Now because we are applying binary search on list.
getting mid element will be O(n) // o(n) because to get mid element we need to traverse half of the list .
so the recurrence relation for this problem will be
T(N)=T(N/2) + O(n)
on solving this relation u will get
T(n)=O(n)
dude we have not reached till there in the course so far 
also in one question what does *max_element() function does?
hello @sagar_aggarwal
reached where? havent u studied linked list?
this function just return maximum element of the array.
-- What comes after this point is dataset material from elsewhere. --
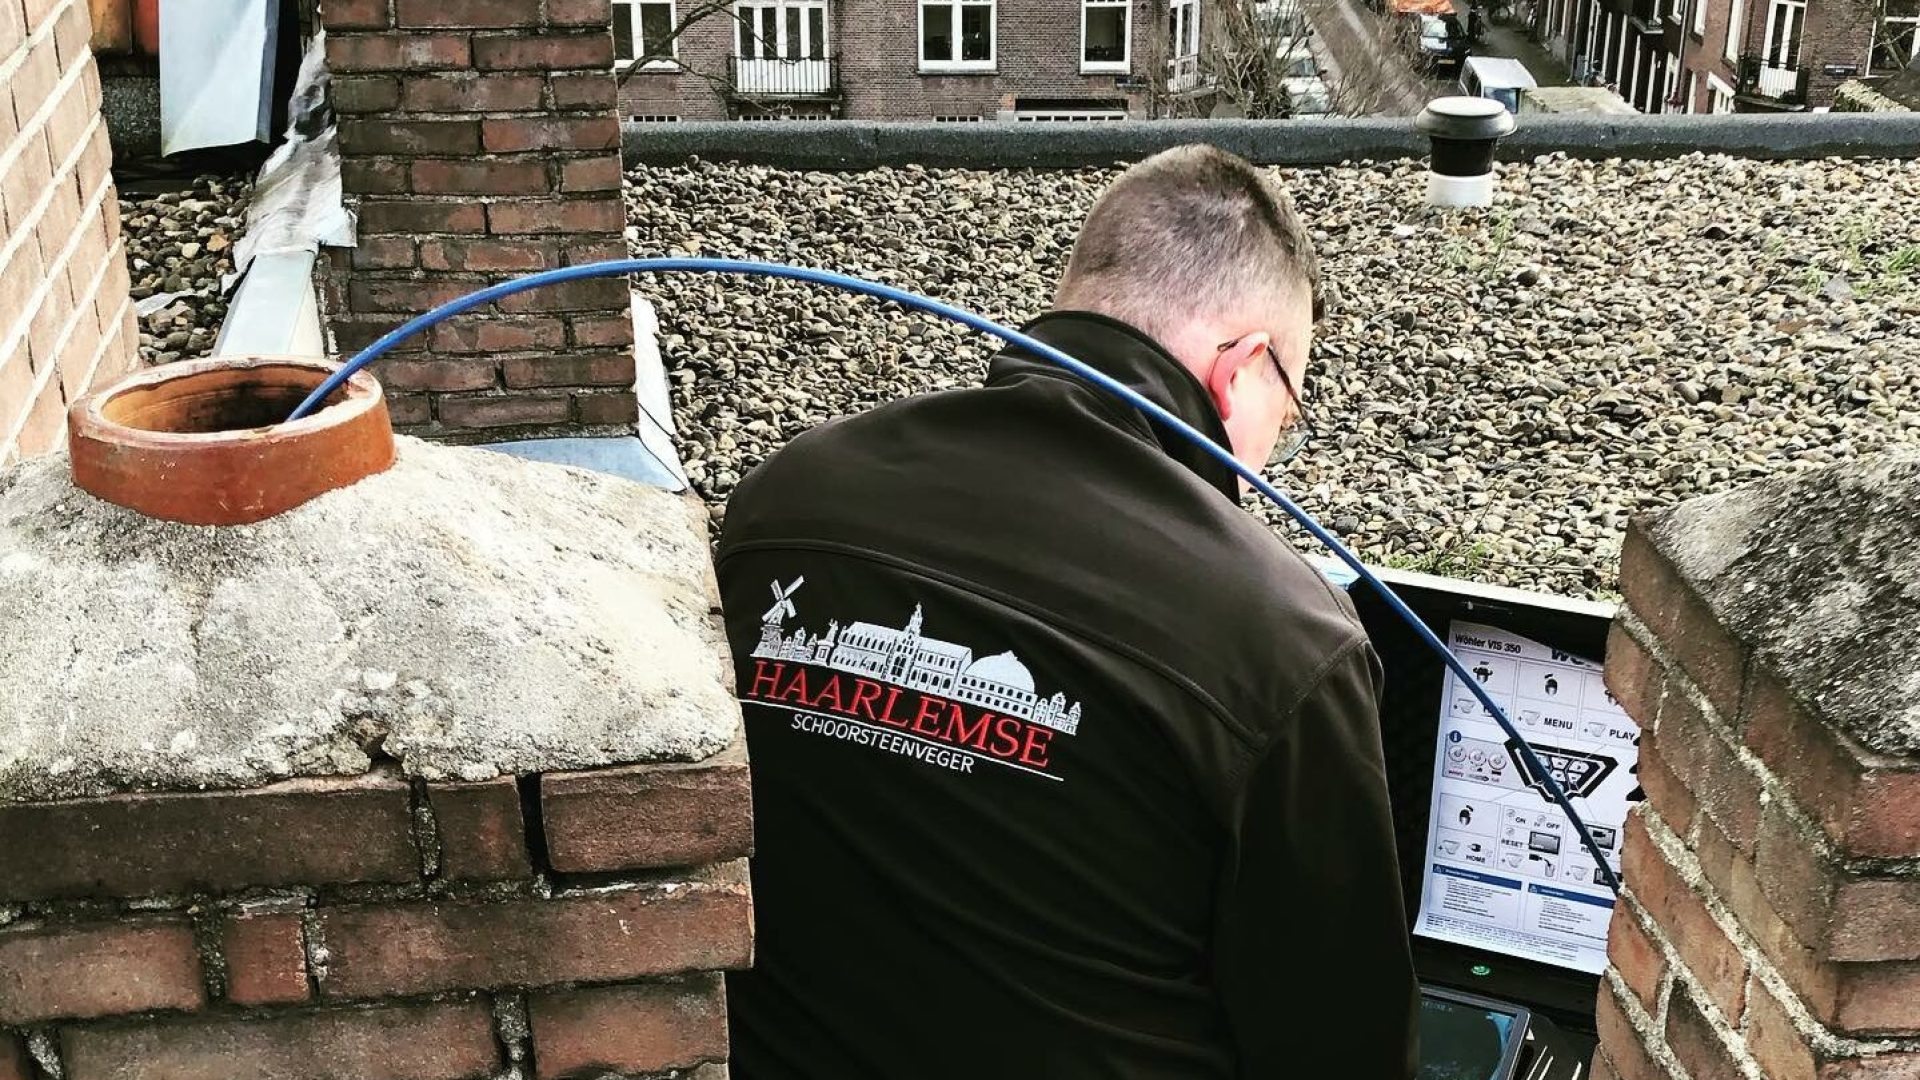 Schoorsteenveger Haarlem schoorsteen inspectie rookkanaal

No i am on Algorithmic STL in the course even before recurssion
ok , then try this problem again after studying linked list
How do i approch to solve this or understand that how compare functon is working
bool comp(string s1, string s2)
{
if(s1.length() < s2.length())
return 1;
else if(s1.length() > s2.length())
return 0;
else return s1 < s2;
}
vector< string > data = {“b”, “a”, “c”, “abc”, “bca”, “xy”};
sort(data.begin(), data.end(), comp);
for(string item : data)
cout << item << " ";
u should know only one thing that is
if compare function returns true then swapping will not happen.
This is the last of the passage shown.